Point-of-care HIV rapid testing growing in importance
LONDON - June 13, 2014 - PRLog -- In clinical practice scenarios, but also in domestic settings point-of-care tests are indispensable. The lab's Internet portal Medlab-Online.com offers its customers a broad range of high quality in-vitro diagnostic medical devices from a single source.
“The fast and accurate collection of vital signs, including ascertaining the patient’s infection status, such as whether they are HIV positive or not, is frequently necessary. Be that in the emergency room or during care for acute patients,” says Dr Ethan Wing, emergency physician at the London Road Community Hospital in Derby, UK.
"Because if it has to go quickly–for example, in the emergency room in a surgical indication–it is of great importance to determine the infection status of an unknown patient immediately and reliably.

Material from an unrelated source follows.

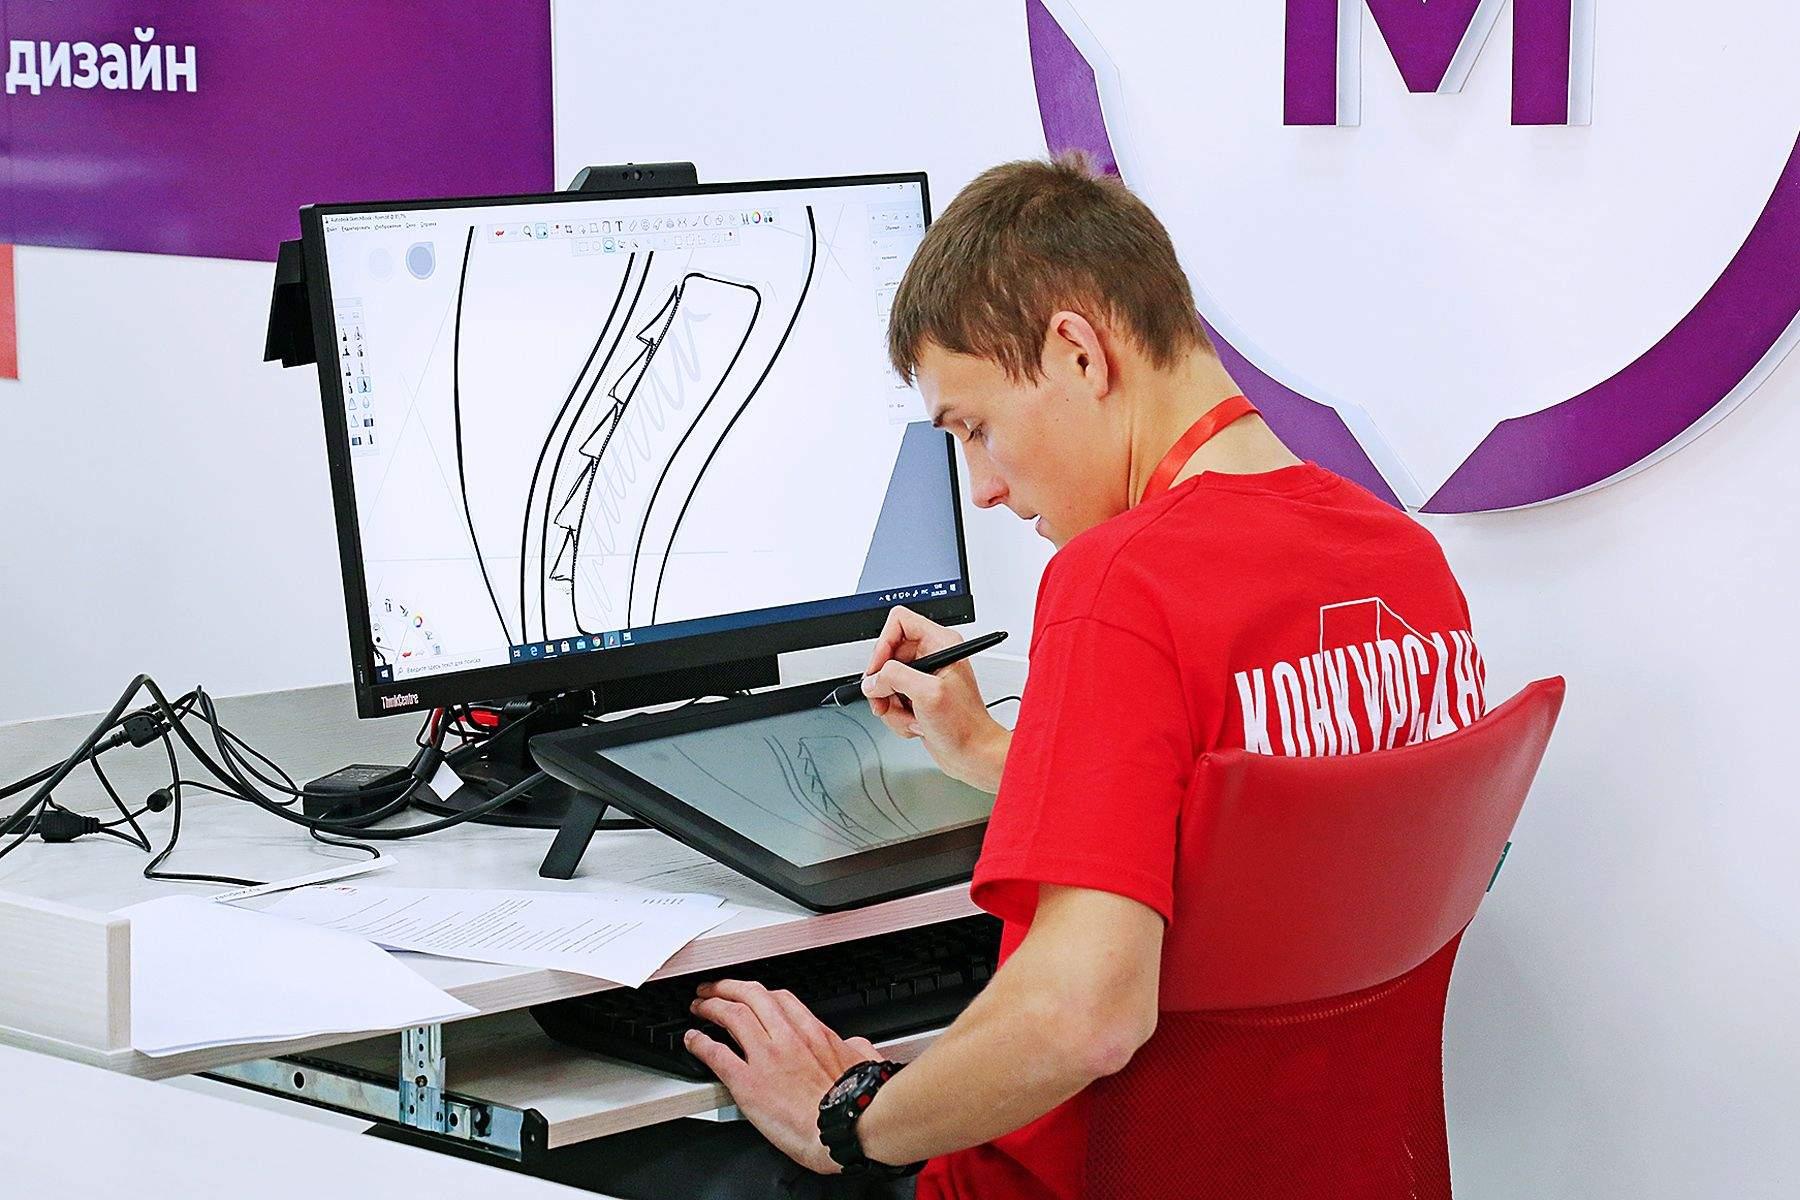 Разработки победителей в компетенции «Промышленный дизайн» IV вузовского отборочного чемпионата по стандартам WorldSkills могут быть запущены в производство
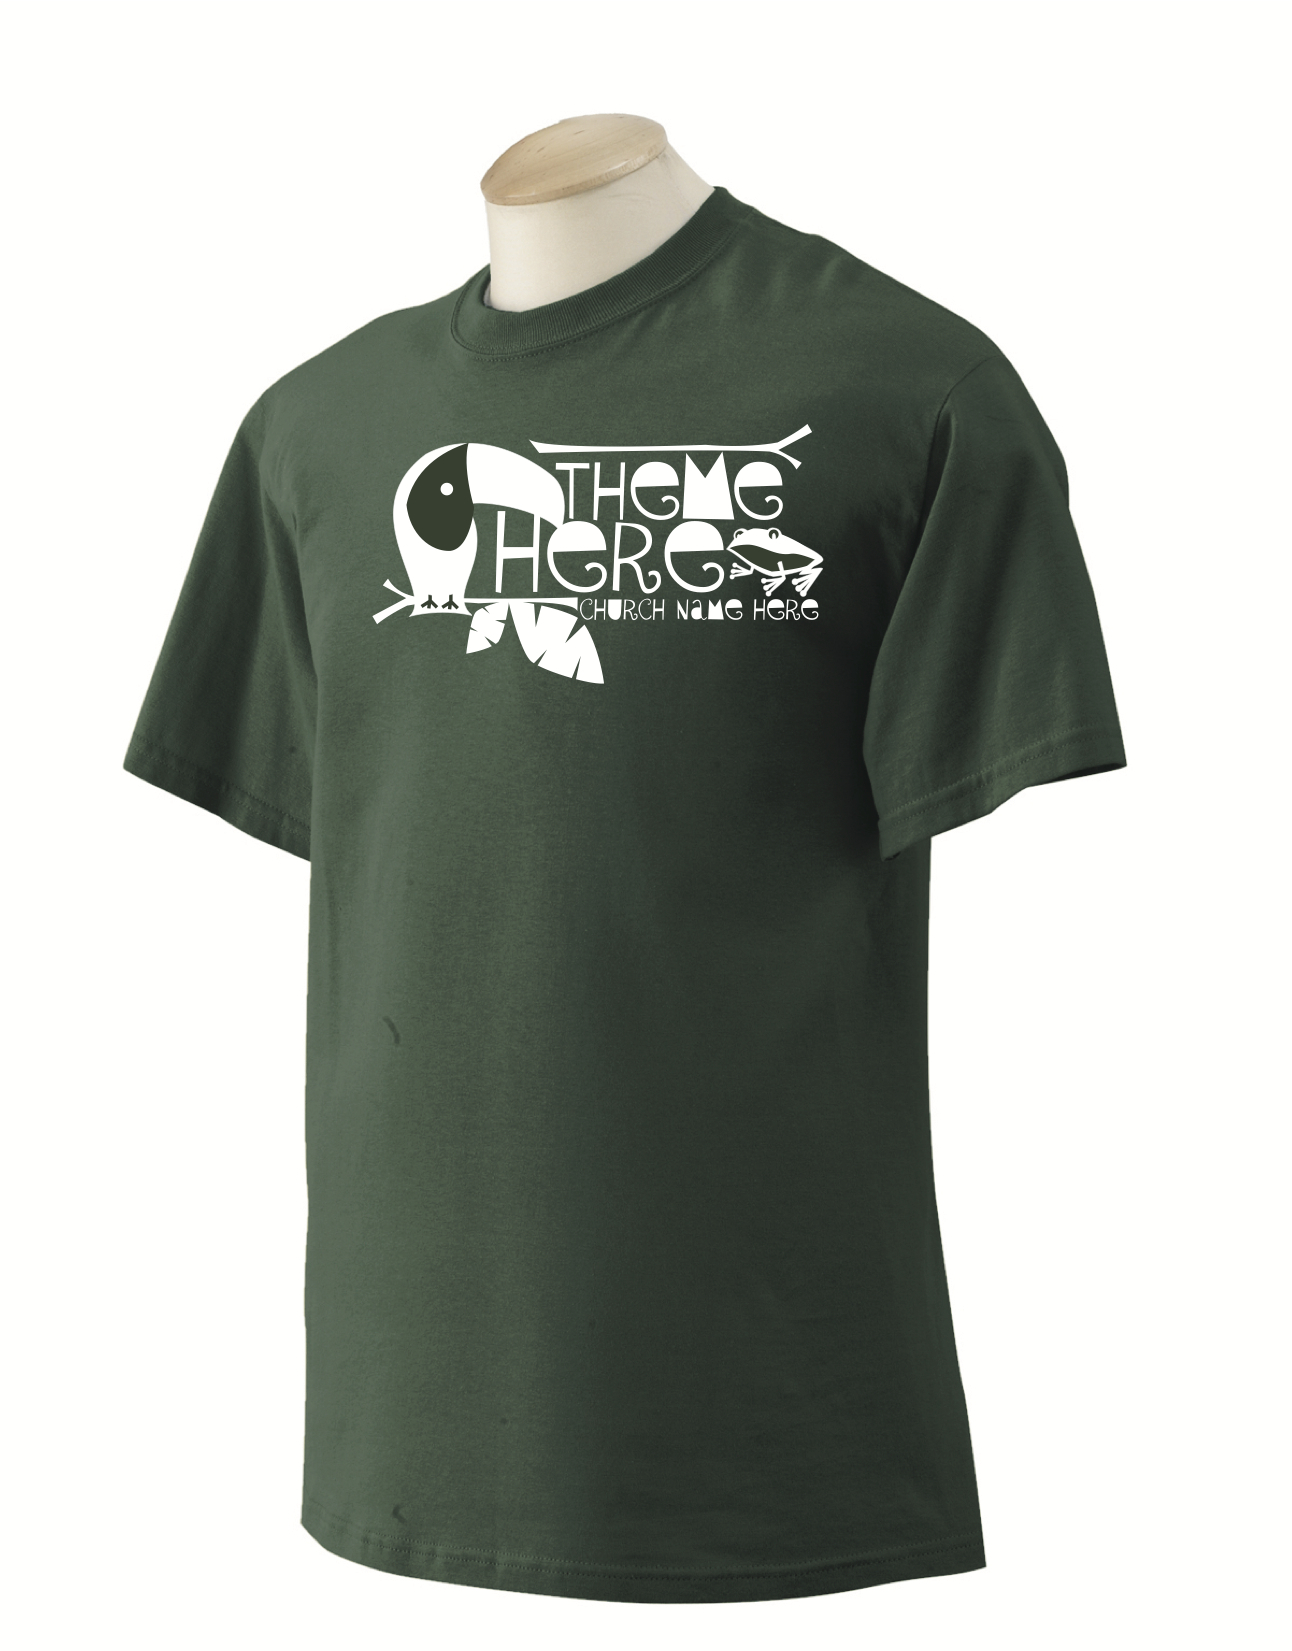 rainforest 1 forest shirt.jpg

The Central Laboratory has, depending on the workload, processing times between half an hour and two hours. The organization of the emergency department is therefore often an extremely challenging task."
Novel and proven to be valid by studies,the immuneochromatographic detection method of high sensitivity and specificity makes it possible to make reliable statements regarding the presence of viral or bacterial infectious diseases from the blood of patients within a few minutes.
Especially foregrounded are possible HIV or Hepatitis C infections that might be present for which neither a vaccination nor a complete cure is currently available. It is particularly notable that a HIV rapid test eliminates time spent on sample preparation and the patient gains valuable time that would have otherwise been lost by involving the central laboratory. What-is-more, the hospital staff can modify their behavior accordingly, and can, in particular, be promptly given post-exposure prophylaxis if inadvertent contact with a potentially infected patient's blood has occurred.
Furthermore, in the domestic setting of the classic home test, point-of-care tests, such as pregnancy tests and blood glucose tests, administered by the patient, have been established practice for decades. The controversy is currently whether a HIV test kit, in this format, should be made available for everyone and whether it could help to curb the spread of the dangerous immunodeficiency disease.
The great advantage of a HIV home test is that it can be carried out in complete anonymity. The patient does not need to overcome inhibitions such as having to confide in an unknown person; it is estimated that one could reach a significant percentage of the 100,000 people in the European Union who currently are not aware of their HIV positive status. This would make it possible to prevent new HIV infections and allow affected people to start life-saving therapy faster.